Published in 750 newspapers across the world, Pastis’ comic strip, Pearls Before Swine, takes on contemporary living and its problems with dark humour.

Its animal characters Rat, Pig, Goat and Zebra display human characteristics, have conversations about religion, death and censorship, frequently satirising comics themselves. Rat is sarcastic, Pig is naïve, while Goat is philosophical.

Pastis frequently makes appearances in his own strip. So when he drew himself, clad in a kurta, on that Facebook announcement, Rat and Pig noticed. Rat asks him not to “offend anyone”, Pig adds: “More than usual”. Pastis, when we meet in Mumbai, makes no promises: “I’m pretty sure I’m going to be like a bull in a china shop!”

Excerpts from an interview:

You quit your job as a litigation lawyer to begin cartooning full-time. How did that come about?

I hated being a lawyer. I never thought I’d take a chance at being a syndicated cartoonist because it’s so hard to achieve. It’s like aspiring to be a professional cricket player in India. So when I finished college, I went straight to law school. But after three years, I couldn’t do it.

Growing up in Los Angeles, I used to be sick a lot, and every winter, I had bronchitis. I would miss a month in school and my mom would give me pens and stuff so I had something to do lying in bed. That led me to drawing for all my school papers in grade and middle school. So while I was still practising as a lawyer, I submitted the strips to syndicates in the ’90s. They were rejected for four-five years. Then Scott Adams, the creator of Dilbert, liked the strip and told everybody to read it. I owe him my whole career.

The humour in Pearls Before Swine is deadpan, but very topical. Is that the reason for its success?

In the times we live in, you have to be deadpan. If you watch American comedies like Curb Your Enthusiasm, there’s no laugh track – nobody laughs to indicate that there’s a joke. You leave it up to people. If somebody overreacts, it ruins the whole thing.

Also, I look at comedy as a release valve for the sadness and pressure in our lives. If someone annoys me, Rat’s going to rip on him. My humour is inspired from many things, the British version of The Office, Laurel and Hardy films, Bugs Bunny, early David Letterman, and even Dilbert, Calvin and Hobbes, and Peanuts.

Your strip often makes fun of your own art skills. How come?

I didn’t know anyone else who did that. If you pull yourself into the strip, it allows you to fictionalise your life. For example, if you tell a pun in normal life, you’re just a comic from the 1920s. But in the next panel, if you give yourself grief for making the pun, it becomes funny, and topical. This can only happen if I’m in the strip.

You’ve featured news events like the death of Israeli school children in 2003. Can humour change society?

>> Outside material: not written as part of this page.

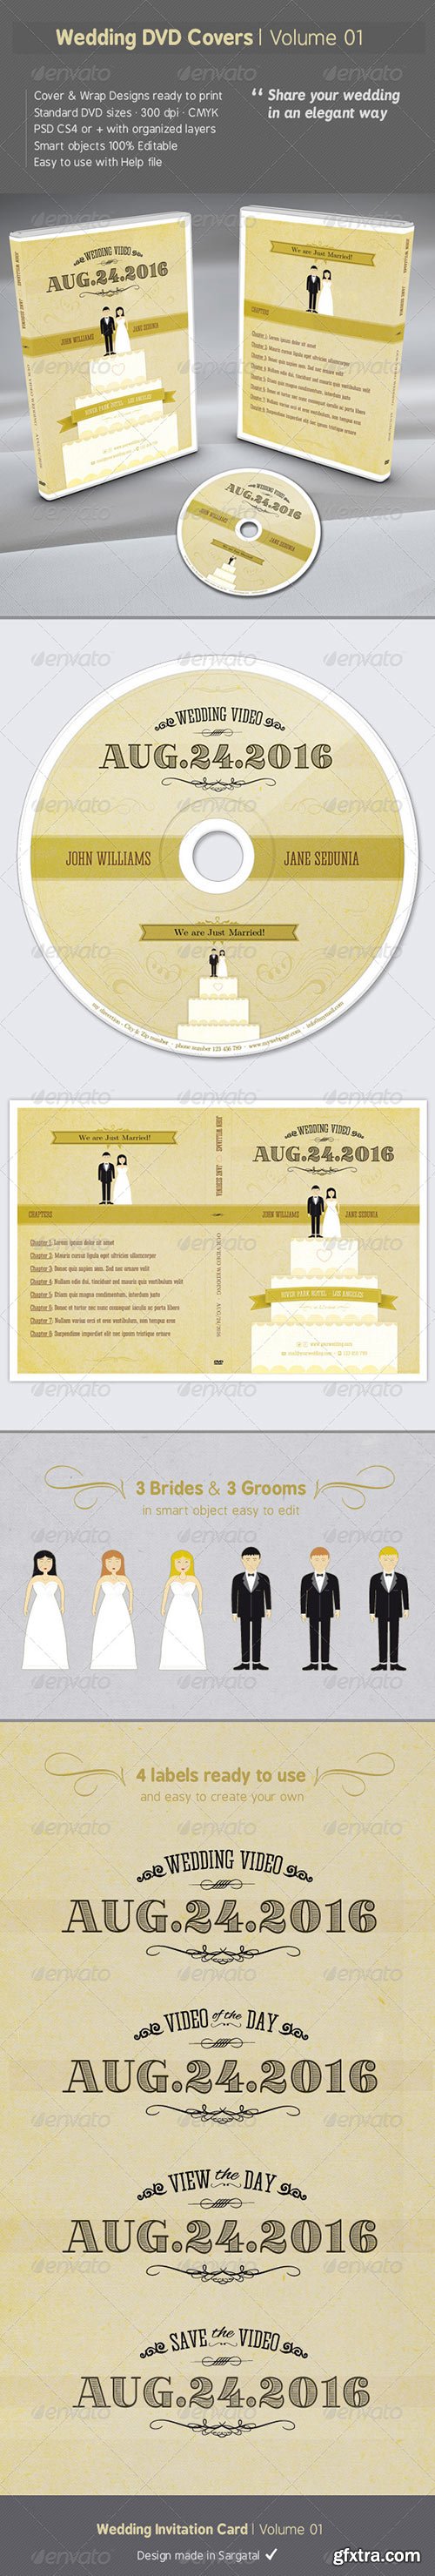 GraphicRiver - Wedding DVD Covers - Volume 01
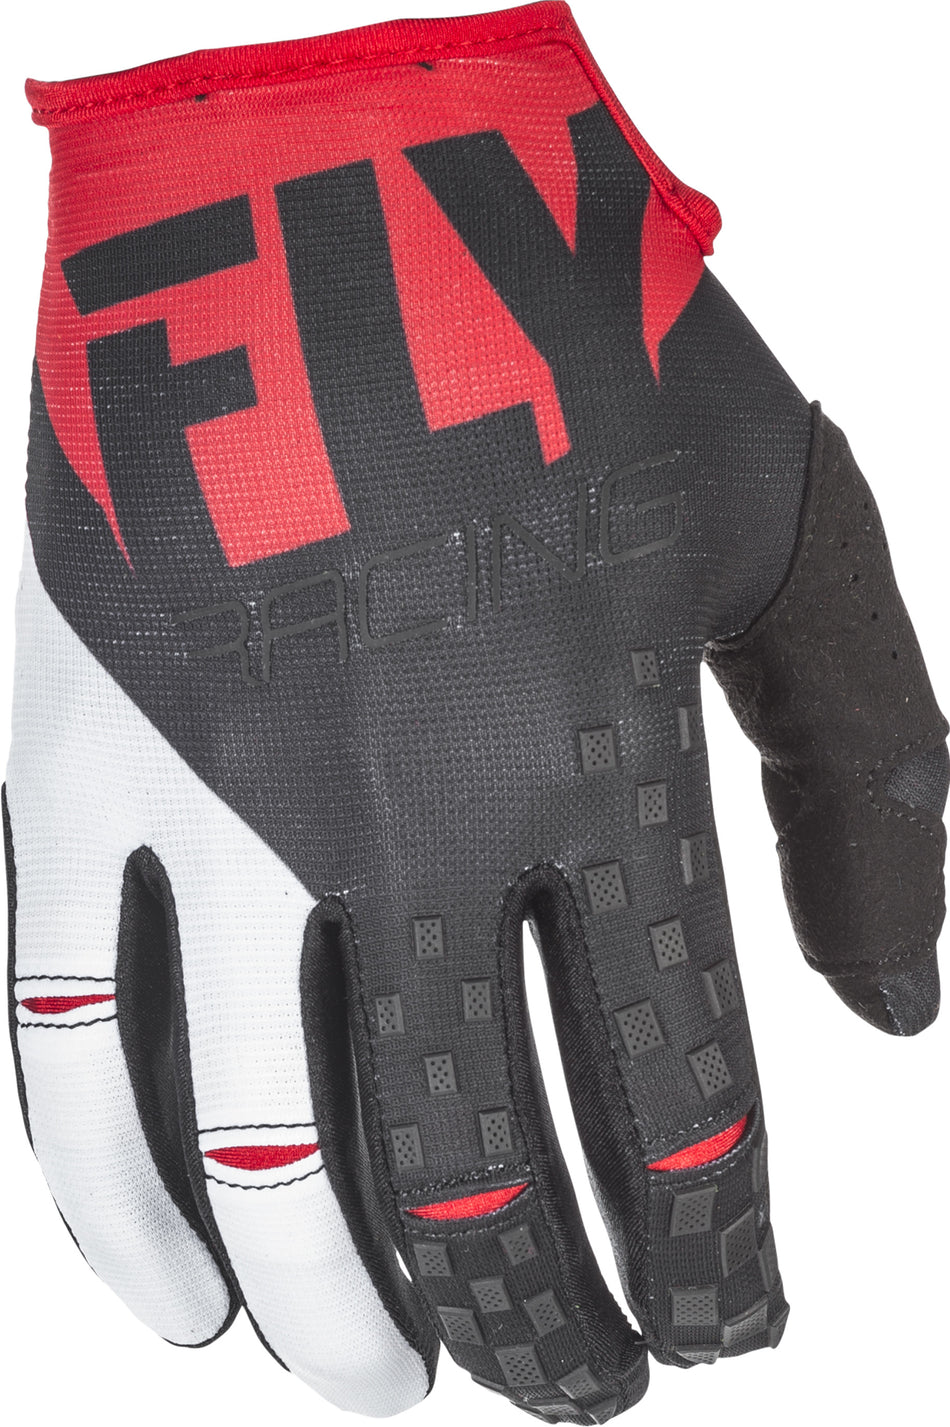 FLY RACING Kinetic Gloves Red/Black Sz 6 371-41206

Scott once said something to me that really stuck – that I write angry. Sometimes I think he’s right. I get angry at dumb and unthoughtful people. When I was younger, I did it more often because not many newspapers carried the strip. I’m really proud I did that Israeli strip, but I don’t think I’m as courageous as I was then. Today, I’ll probably include news events in a smarter way. I have a strip coming up on ISIS.

Also, as artists, you’re only as good as what you take in. If you watch bad sitcoms, that will trickle through. When I see a movie like Queen, which really moved me because there’s something so true about it, it makes me want to do something great.